__Task item__: The records that follow are to be reproduced verbatim.

── Material for this task

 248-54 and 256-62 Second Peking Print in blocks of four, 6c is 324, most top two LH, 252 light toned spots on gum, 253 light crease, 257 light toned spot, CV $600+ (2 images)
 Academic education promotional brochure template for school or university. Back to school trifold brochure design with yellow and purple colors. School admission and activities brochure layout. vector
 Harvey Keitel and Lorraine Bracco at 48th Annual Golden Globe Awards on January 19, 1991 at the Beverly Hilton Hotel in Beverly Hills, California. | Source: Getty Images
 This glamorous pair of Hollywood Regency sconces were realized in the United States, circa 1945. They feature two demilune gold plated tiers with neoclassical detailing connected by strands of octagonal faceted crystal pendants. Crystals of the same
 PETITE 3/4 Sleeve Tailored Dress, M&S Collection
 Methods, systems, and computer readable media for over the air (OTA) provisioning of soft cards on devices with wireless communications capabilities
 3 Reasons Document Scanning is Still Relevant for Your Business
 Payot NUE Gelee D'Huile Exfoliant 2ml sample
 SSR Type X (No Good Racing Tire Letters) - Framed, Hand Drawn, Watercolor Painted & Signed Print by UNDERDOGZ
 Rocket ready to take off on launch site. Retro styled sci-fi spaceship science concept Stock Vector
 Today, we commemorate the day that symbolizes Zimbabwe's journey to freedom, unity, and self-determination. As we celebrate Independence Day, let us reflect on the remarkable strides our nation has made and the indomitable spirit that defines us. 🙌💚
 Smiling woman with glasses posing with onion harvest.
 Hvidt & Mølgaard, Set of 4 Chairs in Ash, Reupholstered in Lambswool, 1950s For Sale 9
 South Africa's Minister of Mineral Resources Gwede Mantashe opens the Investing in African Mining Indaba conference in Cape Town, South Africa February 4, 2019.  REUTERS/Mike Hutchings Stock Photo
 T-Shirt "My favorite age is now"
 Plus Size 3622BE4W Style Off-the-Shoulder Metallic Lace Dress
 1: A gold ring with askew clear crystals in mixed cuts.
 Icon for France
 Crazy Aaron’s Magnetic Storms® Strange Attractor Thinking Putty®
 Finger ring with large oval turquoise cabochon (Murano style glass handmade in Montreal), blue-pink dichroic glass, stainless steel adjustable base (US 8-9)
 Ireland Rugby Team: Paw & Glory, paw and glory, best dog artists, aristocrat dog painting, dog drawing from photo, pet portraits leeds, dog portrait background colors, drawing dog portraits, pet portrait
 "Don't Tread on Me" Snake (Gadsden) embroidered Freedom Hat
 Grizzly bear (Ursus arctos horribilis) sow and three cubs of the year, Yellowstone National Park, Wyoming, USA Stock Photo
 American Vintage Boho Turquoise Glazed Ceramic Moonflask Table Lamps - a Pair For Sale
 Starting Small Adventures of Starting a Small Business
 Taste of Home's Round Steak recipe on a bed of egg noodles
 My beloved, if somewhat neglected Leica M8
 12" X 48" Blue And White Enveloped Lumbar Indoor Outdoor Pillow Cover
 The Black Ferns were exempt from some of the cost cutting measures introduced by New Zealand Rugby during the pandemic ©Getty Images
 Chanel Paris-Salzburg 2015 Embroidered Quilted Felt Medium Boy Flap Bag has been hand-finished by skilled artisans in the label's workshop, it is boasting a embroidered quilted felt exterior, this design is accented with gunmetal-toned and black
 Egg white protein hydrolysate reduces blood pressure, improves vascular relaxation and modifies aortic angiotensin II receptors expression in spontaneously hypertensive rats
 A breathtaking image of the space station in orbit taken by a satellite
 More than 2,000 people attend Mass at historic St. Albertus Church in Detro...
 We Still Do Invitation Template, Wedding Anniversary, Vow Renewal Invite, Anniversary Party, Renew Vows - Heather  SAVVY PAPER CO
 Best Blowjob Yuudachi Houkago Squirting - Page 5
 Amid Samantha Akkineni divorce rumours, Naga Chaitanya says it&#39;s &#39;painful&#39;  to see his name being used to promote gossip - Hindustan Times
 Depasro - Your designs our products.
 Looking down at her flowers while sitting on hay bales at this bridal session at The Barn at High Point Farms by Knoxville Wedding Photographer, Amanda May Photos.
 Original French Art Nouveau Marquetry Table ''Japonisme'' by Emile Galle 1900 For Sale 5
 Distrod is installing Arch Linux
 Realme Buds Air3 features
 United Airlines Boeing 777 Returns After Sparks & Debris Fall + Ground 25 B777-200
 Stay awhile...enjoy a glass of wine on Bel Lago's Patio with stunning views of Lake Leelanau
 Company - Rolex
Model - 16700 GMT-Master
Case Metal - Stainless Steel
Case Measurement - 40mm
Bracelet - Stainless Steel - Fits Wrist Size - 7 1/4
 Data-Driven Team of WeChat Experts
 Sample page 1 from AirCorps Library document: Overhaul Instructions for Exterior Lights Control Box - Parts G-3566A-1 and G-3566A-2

────

__Response box__:
 248-54 and 256-62 Second Peking Print in blocks of four, 6c is 324, most top two LH, 252 light toned spots on gum, 253 light crease, 257 light toned spot, CV $600+ (2 images)
 Academic education promotional brochure template for school or university. Back to school trifold brochure design with yellow and purple colors. School admission and activities brochure layout. vector
 Harvey Keitel and Lorraine Bracco at 48th Annual Golden Globe Awards on January 19, 1991 at the Beverly Hilton Hotel in Beverly Hills, California. | Source: Getty Images
 This glamorous pair of Hollywood Regency sconces were realized in the United States, circa 1945. They feature two demilune gold plated tiers with neoclassical detailing connected by strands of octagonal faceted crystal pendants. Crystals of the same
 PETITE 3/4 Sleeve Tailored Dress, M&S Collection
 Methods, systems, and computer readable media for over the air (OTA) provisioning of soft cards on devices with wireless communications capabilities
 3 Reasons Document Scanning is Still Relevant for Your Business
 Payot NUE Gelee D'Huile Exfoliant 2ml sample
 SSR Type X (No Good Racing Tire Letters) - Framed, Hand Drawn, Watercolor Painted & Signed Print by UNDERDOGZ
 Rocket ready to take off on launch site. Retro styled sci-fi spaceship science concept Stock Vector
 Today, we commemorate the day that symbolizes Zimbabwe's journey to freedom, unity, and self-determination. As we celebrate Independence Day, let us reflect on the remarkable strides our nation has made and the indomitable spirit that defines us. 🙌💚
 Smiling woman with glasses posing with onion harvest.
 Hvidt & Mølgaard, Set of 4 Chairs in Ash, Reupholstered in Lambswool, 1950s For Sale 9
 South Africa's Minister of Mineral Resources Gwede Mantashe opens the Investing in African Mining Indaba conference in Cape Town, South Africa February 4, 2019.  REUTERS/Mike Hutchings Stock Photo
 T-Shirt "My favorite age is now"
 Plus Size 3622BE4W Style Off-the-Shoulder Metallic Lace Dress
 1: A gold ring with askew clear crystals in mixed cuts.
 Icon for France
 Crazy Aaron’s Magnetic Storms® Strange Attractor Thinking Putty®
 Finger ring with large oval turquoise cabochon (Murano style glass handmade in Montreal), blue-pink dichroic glass, stainless steel adjustable base (US 8-9)
 Ireland Rugby Team: Paw & Glory, paw and glory, best dog artists, aristocrat dog painting, dog drawing from photo, pet portraits leeds, dog portrait background colors, drawing dog portraits, pet portrait
 "Don't Tread on Me" Snake (Gadsden) embroidered Freedom Hat
 Grizzly bear (Ursus arctos horribilis) sow and three cubs of the year, Yellowstone National Park, Wyoming, USA Stock Photo
 American Vintage Boho Turquoise Glazed Ceramic Moonflask Table Lamps - a Pair For Sale
 Starting Small Adventures of Starting a Small Business
 Taste of Home's Round Steak recipe on a bed of egg noodles
 My beloved, if somewhat neglected Leica M8
 12" X 48" Blue And White Enveloped Lumbar Indoor Outdoor Pillow Cover
 The Black Ferns were exempt from some of the cost cutting measures introduced by New Zealand Rugby during the pandemic ©Getty Images
 Chanel Paris-Salzburg 2015 Embroidered Quilted Felt Medium Boy Flap Bag has been hand-finished by skilled artisans in the label's workshop, it is boasting a embroidered quilted felt exterior, this design is accented with gunmetal-toned and black
 Egg white protein hydrolysate reduces blood pressure, improves vascular relaxation and modifies aortic angiotensin II receptors expression in spontaneously hypertensive rats
 A breathtaking image of the space station in orbit taken by a satellite
 More than 2,000 people attend Mass at historic St. Albertus Church in Detro...
 We Still Do Invitation Template, Wedding Anniversary, Vow Renewal Invite, Anniversary Party, Renew Vows - Heather  SAVVY PAPER CO
 Best Blowjob Yuudachi Houkago Squirting - Page 5
 Amid Samantha Akkineni divorce rumours, Naga Chaitanya says it&#39;s &#39;painful&#39;  to see his name being used to promote gossip - Hindustan Times
 Depasro - Your designs our products.
 Looking down at her flowers while sitting on hay bales at this bridal session at The Barn at High Point Farms by Knoxville Wedding Photographer, Amanda May Photos.
 Original French Art Nouveau Marquetry Table ''Japonisme'' by Emile Galle 1900 For Sale 5
 Distrod is installing Arch Linux
 Realme Buds Air3 features
 United Airlines Boeing 777 Returns After Sparks & Debris Fall + Ground 25 B777-200
 Stay awhile...enjoy a glass of wine on Bel Lago's Patio with stunning views of Lake Leelanau
 Company - Rolex
Model - 16700 GMT-Master
Case Metal - Stainless Steel
Case Measurement - 40mm
Bracelet - Stainless Steel - Fits Wrist Size - 7 1/4
 Data-Driven Team of WeChat Experts
 Sample page 1 from AirCorps Library document: Overhaul Instructions for Exterior Lights Control Box - Parts G-3566A-1 and G-3566A-2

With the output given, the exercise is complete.